The process of synthesizing code from a given specification can be viewed as a search through this tree for a leaf representing a program with satisfactory performance characteristics. Subtrees represent families of programs that share a common heritage (sequence of design decisions) and, thus, have common characteristics. This fact is useful in constructing heuristics for guiding the search.

It may be difficult to foresee the effects of a series of design decisions. If a partially redefined specification has unacceptable characteristics, then the synthesis process backs up and explores another sequence of refinements. If the space of possible implementations is large enough, then a programmer will not be able to manually explore many alternatives. We believe there are many applications where a machine can search and find better implementations of a specification than can humans.

The formalization of stepwise refinement provides two important factorizations of the programming process. First, there is the factorization of the programming process into formulating specifications and implementing them via refinements. Second, when refinements are represented explicitly, there is a factorization of programming knowledge. Since different sequences of refinements generally result in different implementations of the same initial specification, a relatively small number of refinements may be able to compactly encode a wide range of implementations.

B. System Structure Suggested by These Principles

Starting from the above principles, we derive the overall structure and characteristics of a knowledge-based software environment. These characteristics were worked out early in the CHI project and provided a sturdy foundation for later research and implementation efforts.

Several key system characteristics derive from the principle of stepwise refinement. First, a language is needed for expressing very-high-level specifications of programs, low- level (or target level) programs, and partially refined specifications that contain a mixed range of constructs from very-high-level to low-level. This suggests the need for a wide-spectrum language. Since the system is to be selfapplied, this language also serves as the system language. Also, a language is needed for representing refinements. Refinements can be formalized in terms of transformation rules that embody a single design decision and rewrite one piece of code into another. Transformation rules are typically comprised of a source pattern, SP, a target pattern, TP, and an enabling condition, C. Applying a transformation rule to a given specification S involves matching the source pattern SP with a part of S. If the enabling condition C holds, then S is refined by replacing the part of S that matches SP with TP A matching algorithm is required in order to appropriately instantiate SP, C, and TP The representation of transformation rules requires the ability to express patterns. One way to express patterns is via metalanguage expressions where the varying parts of the pattern are represented by metavariables. Second, the use of stepwise refinement suggests that much of the system's knowledge about programming will be captured in the form of transformation rules. This suggests that a knowledge base of such rules is an important component of the system, and that acquiring and organizing these rules are important tasks in developing and using the system. Third, the system must provide facilities to support the refinement of specifications into programs. This implies the need for a good user interface, mechanisms to support the search for efficient implementations of a specification, tools for analyzing partially refined specifications, etc.

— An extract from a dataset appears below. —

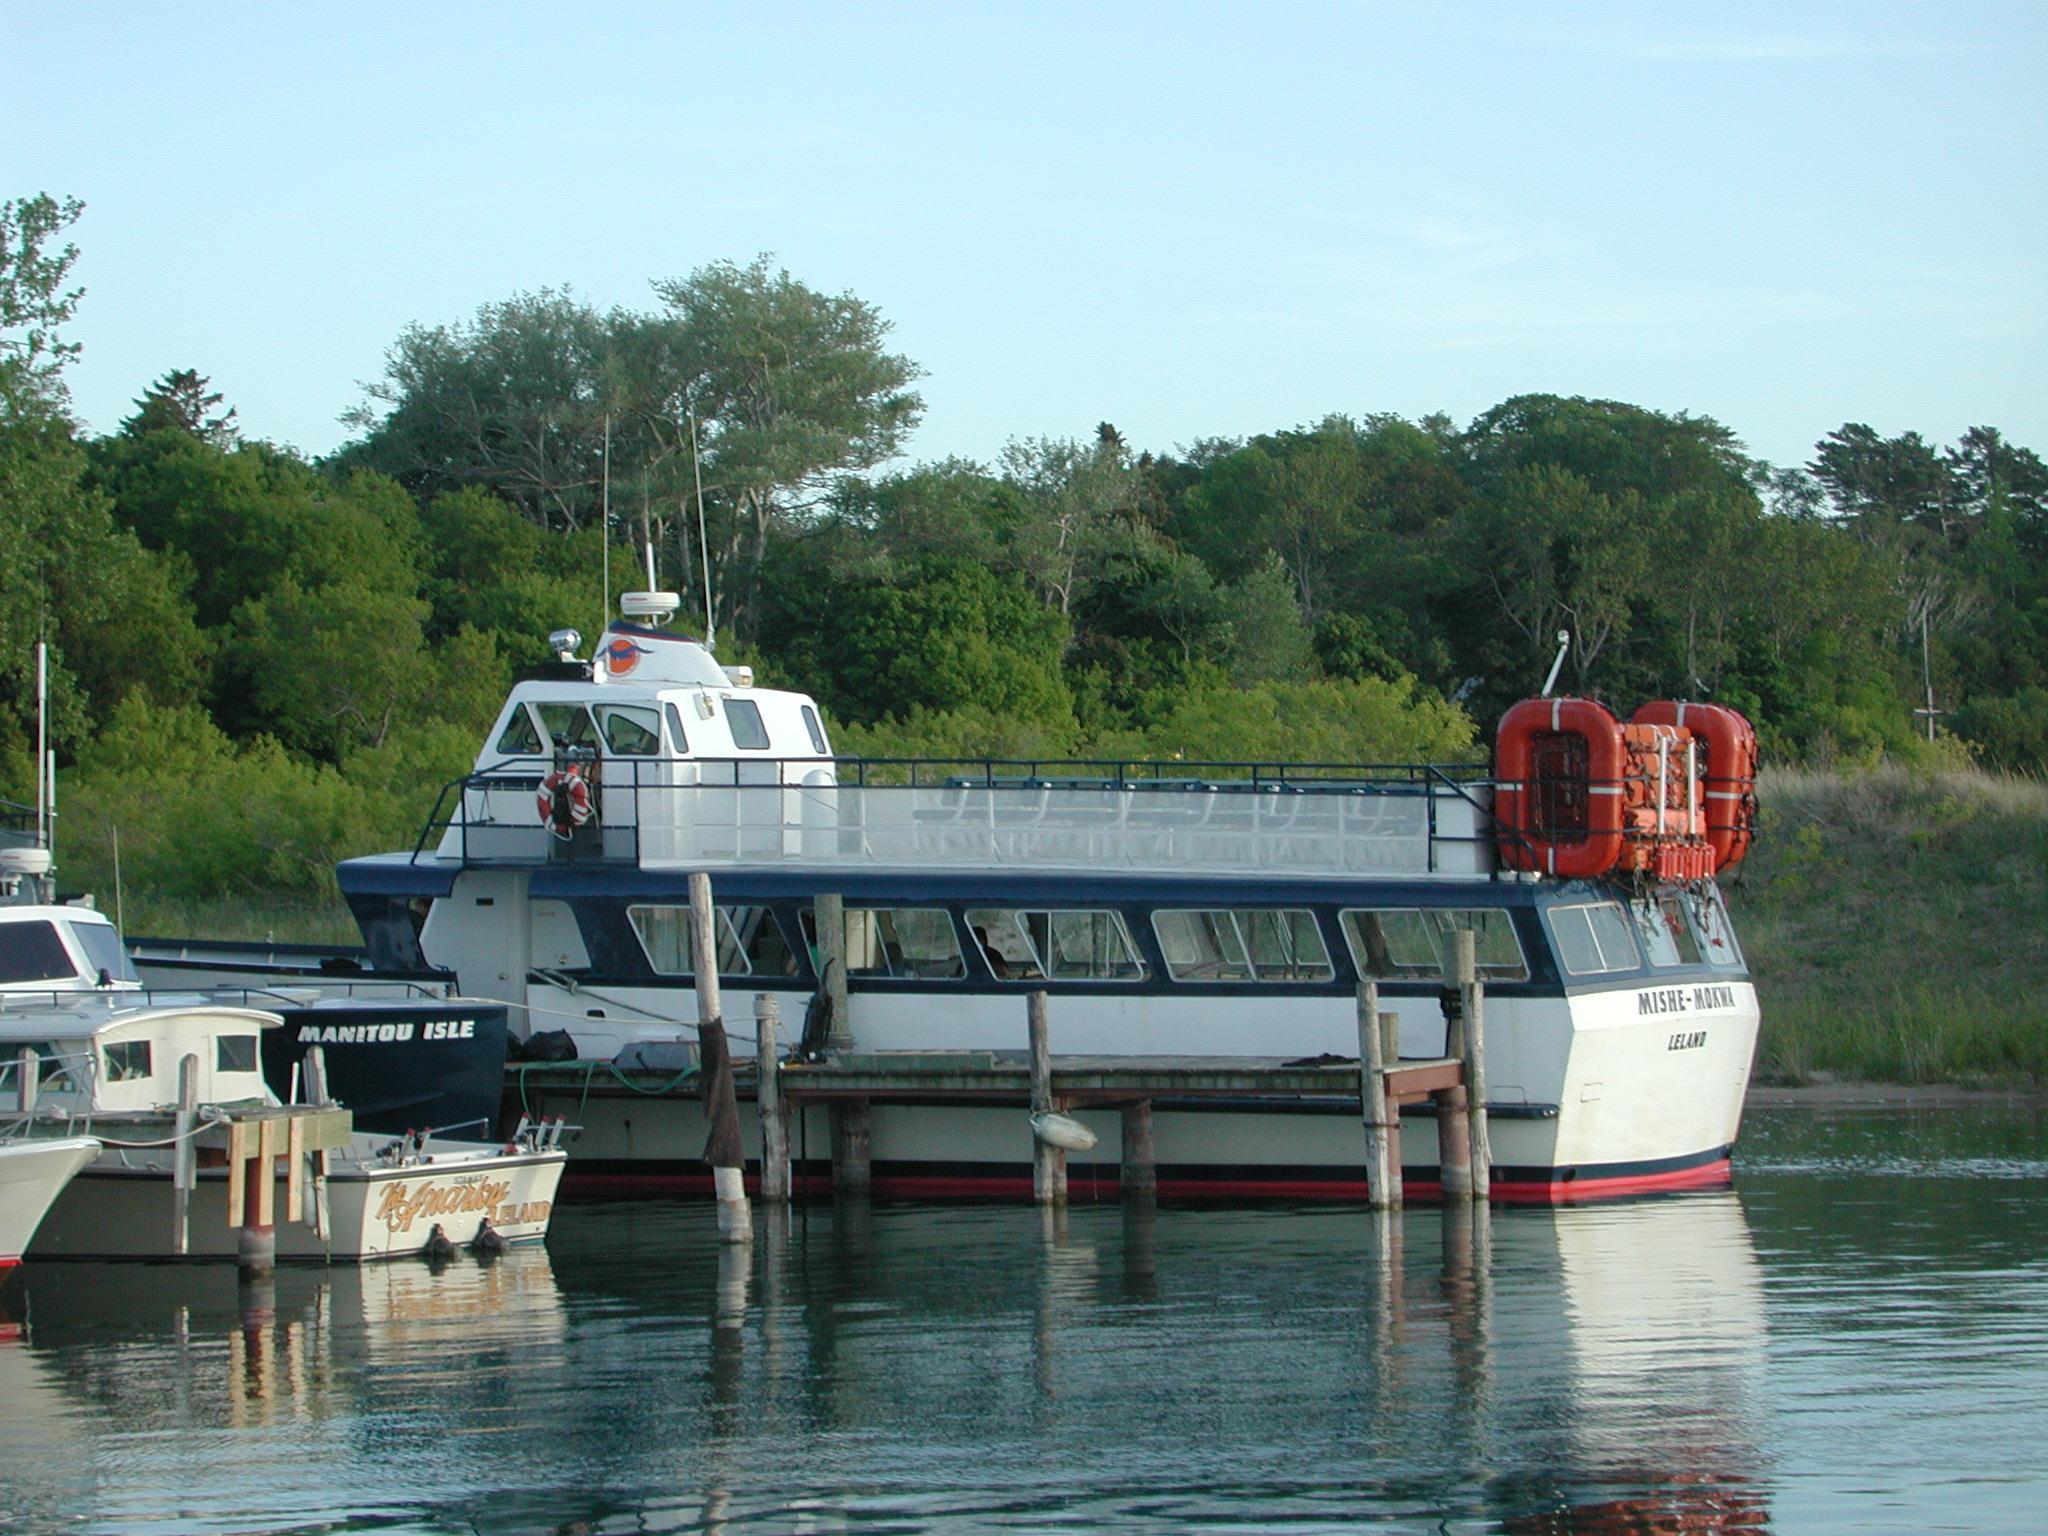 Leland - Sleeping Bear Island Transit

The principles of self-description and uniform closure suggest several other characteristics of the system. In order to achieve self-description, a language is needed to describe system components and a knowledge base is needed to store the descriptions. The existence of such a description knowledge base allows us to further elaborate on the system support for stepwise refinement of specifications. Since the system is to be self-applied, the code generated by the stepwise refinement process can be system code. This suggests that the same knowledge base be used as the medium of the refinement process, and that specifications and their refinements be represented via the same kinds of descriptions as system components. System support for searching the tree of alternative implementations can be provided by a context mechanism that records states of the knowledge base such that it can be returned to an earlier state when necessary.

The description of a system component might include its structure, implementation, specification, type, properties, relationships to other objects, and other kinds of annotations. The description language thus has the character of a metalanguage, since it can refer to expressions in the (wide-spectrum) system programming language. Uniform accessibility to these descriptions suggests the use of a single coherent language that incorporates the widespectrum features needed for stepwise refinement, the patterns needed to express transformation rules, and the metalanguage needed to describe system components. Uniformity also suggests that this language be used for accessing the knowledge base.

In summary, the principles discussed above can be realized by a system organized about a knowledge base that contains descriptions of system components, programming knowledge in the form of transformation rules, and various stages of the refinement process, and utilizing a wide-spectrum language that is capable of expressing patterns and other metalevel concepts. In the next section we describe a prototypical implementation of a system of this kind. Extract: the V Language
V Language
In this section we give a brief description of some of the implemented features of the programming subset of the V language. V is wide-spectrum language, meaning that it contains a range of constructs from very-high-level to lowlevel. One use for V is specifying application programs, which can then be implemented using program synthesis tools. A variety of programming constructs, both highand low-level, are present in V for this purpose. The lowlevel constructs are included not to encourage a user to program in terms of them, but rather to allow the representation of all levels of program description generated during synthesis (including the target implementation) within V. Since V was designed also as a language with which to describe a knowledge-based programming environment, it necessarily contains constructs used to specify programming knowledge, system tools and their interrelationships, and even the knowledge-base objects with which DKB represents instances of V constructs. Experience with the system code of CHI indicates that program specifications in V are typically 5-10 times shorter than their equivalents in standard high-level languages such as Lisp.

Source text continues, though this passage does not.